Ramble On

Tuesday, November 18, 2014

Visiting the Glass House, Part 3

Because he was a famous architect, the completion of Philip Johnson's attracted a lot of attention in the press at the time.  A number of publications since then have called the gatherings that occurred there a '20th Century Salon' - since they featured other prominent arts and culture figures from the mid-century era.  

The story goes that there is a cigarette burn on one of the Mies pieces in the living room - courtesy of Andy Warhol (this will not be the only Warhol reference in today's post, by the way).  Our group toured the main house and had a walk around the grounds.

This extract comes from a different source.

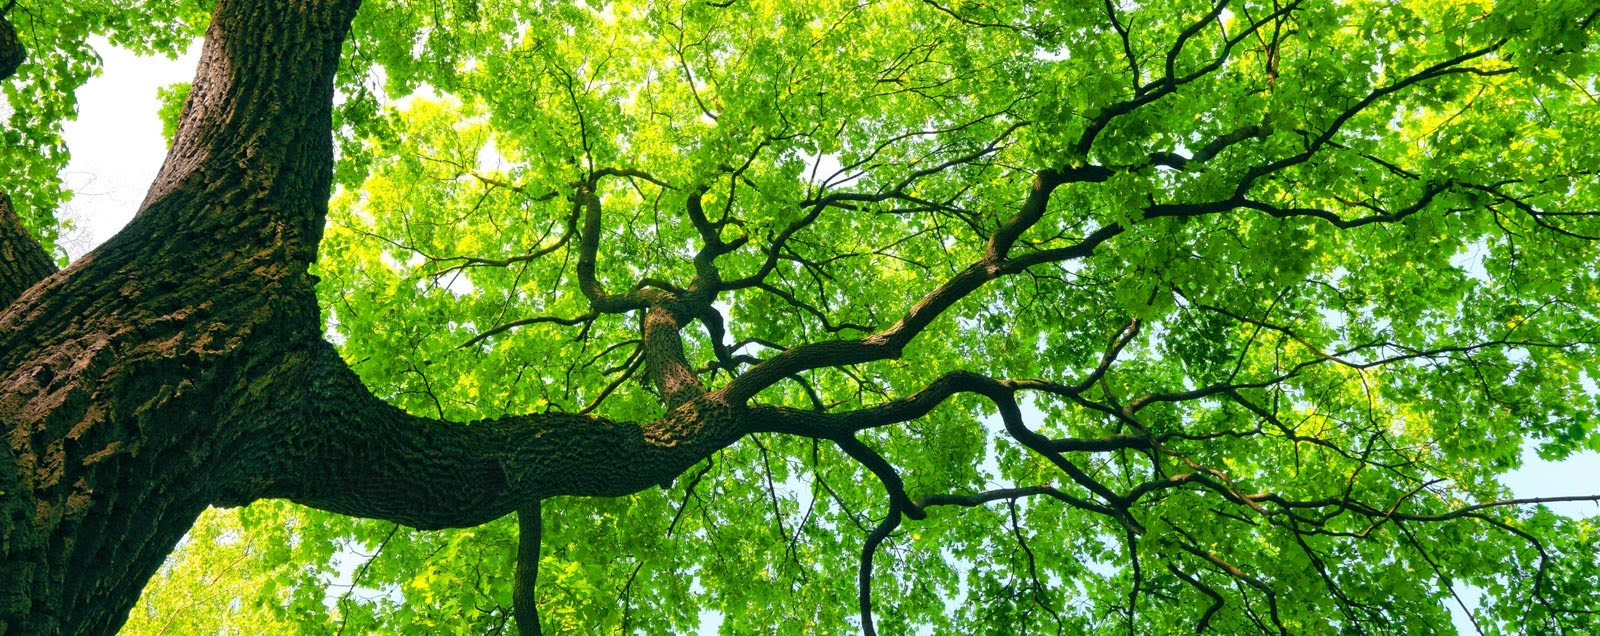 tree_care_1.jpg

While we were in the house, Mary and I couldn't help notice a few similarities between the place and our beloved Hawksbill Cabin.  One example is the brick flooring that ends at the line of windows, as it does at our house - although here, there's a bit of lawn outside, and at the Hawksbill Cabin, the view continues to the brick terrace, progressing off into the wilderness of the hollow below.

Our tour included many of the other buildings on the property.  I won't highlight them in this post, but would refer readers back to the Wikipedia article for more information.  However, here is a view from the living room, looking out to the pond and a couple of the follies there.

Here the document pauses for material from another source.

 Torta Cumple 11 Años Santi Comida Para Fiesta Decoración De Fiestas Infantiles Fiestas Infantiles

The original 11-acre estate was developed over the course of 50 years or so, with small structures such as these scattered throughout.  I can imagine strolling about these grounds and enjoying the little projects as I came upon them - a very relaxing juxtaposition to life in the city.

Johnson lived here with his partner David Whitney.  They collected a lot of art, including this Warhol portrait of Johnson, and built galleries for the paintings as well as the sculptures.  These buildings are on one side of the grounds, so we enjoyed a walk through the fall colors, mostly hickory trees, over to them,

There was an installation by a Japanese artist in place at the time that periodically framed the main house in fog.  Our visit took place on a sunny day so the feature was a bit incongruous - I would have liked to see it under an overcast sky to appreciate it differently, evoking a naturalist frame of mind.

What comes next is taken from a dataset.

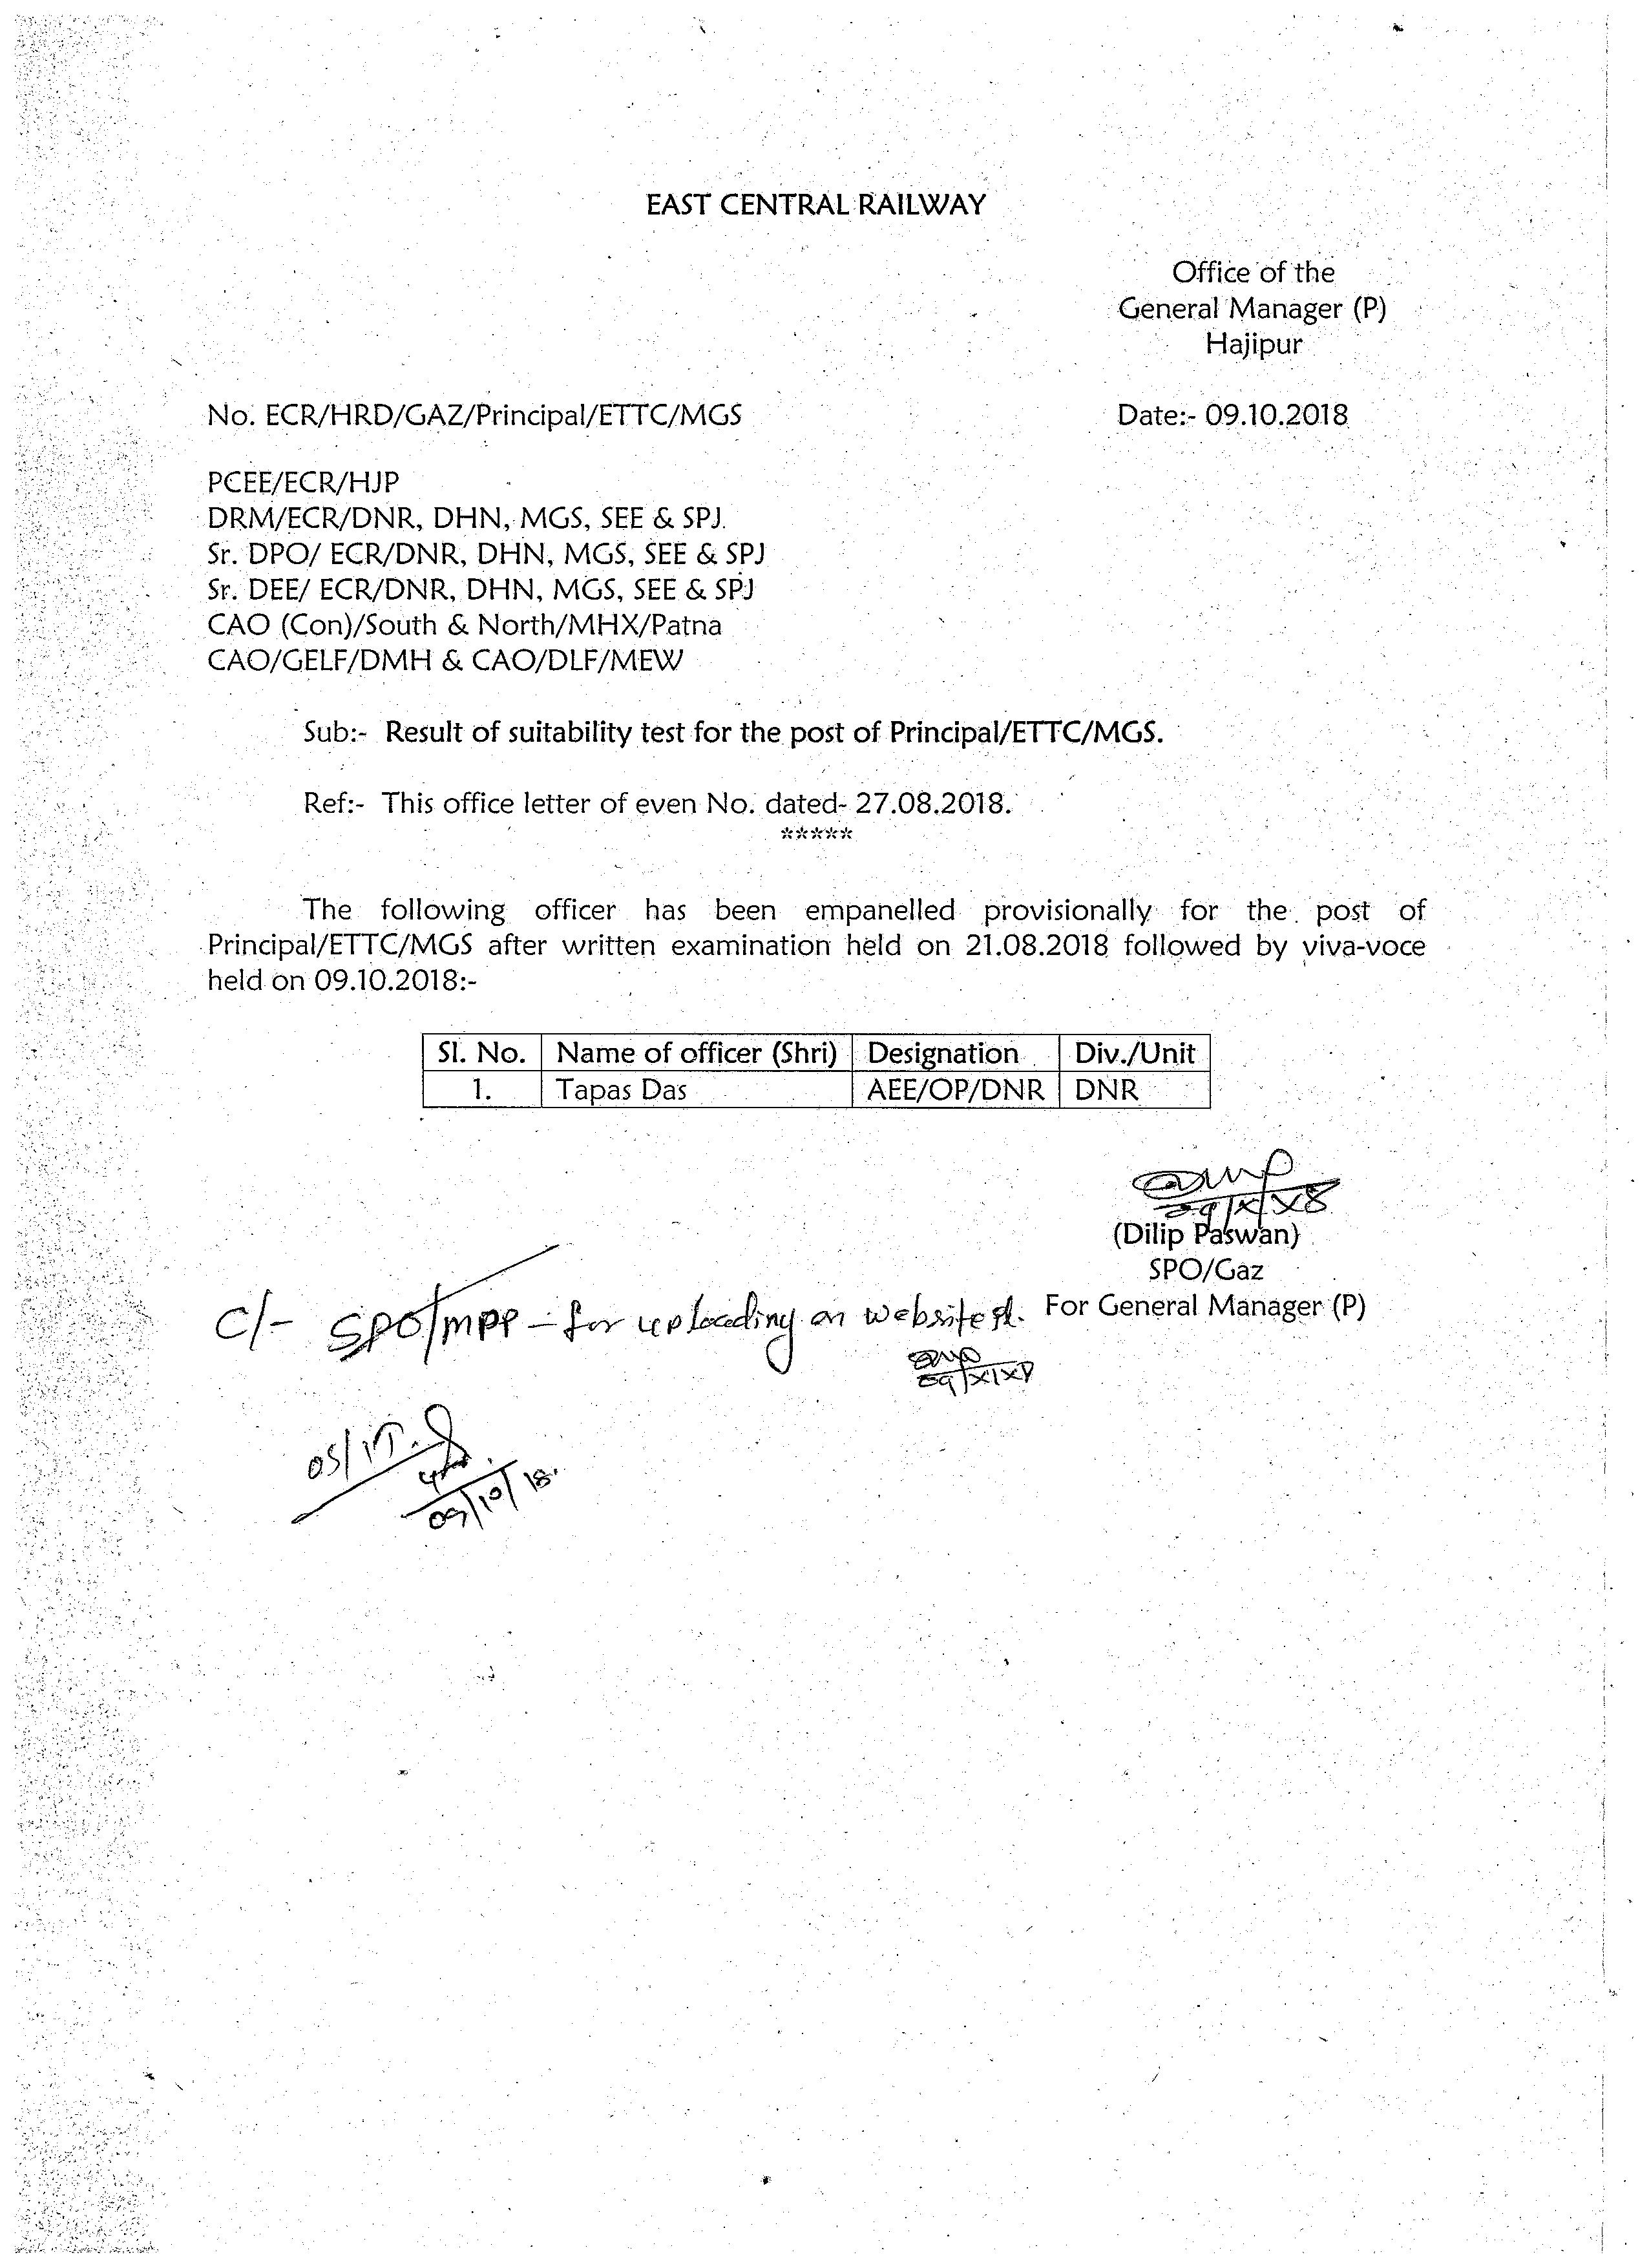 Railway recruitment 2018 - Indian railway jobs apply at www.rrb.gov ...

As we progressed towards the end of our tour, we visited Johnson's library and studio, a small building set away and across the field from the main house.  There on a drawing table I saw some of the tools he used laid out precisely, at the ready, should someone come along and need to roll out some construction drawings and work on a detail.  Nothing doing, though, and eventually my thoughts turned to the thought that most of that work is done on computers now anyway!

Finally, our tour ended, and the group made our way by shuttle back to New Canaan.  The group all parted ways, and Mary and I hopped on the train, bound for our next stop, New York, where we planned to spend a couple of nights sightseeing from a home base in Chelsea.  I'll get to those posts next.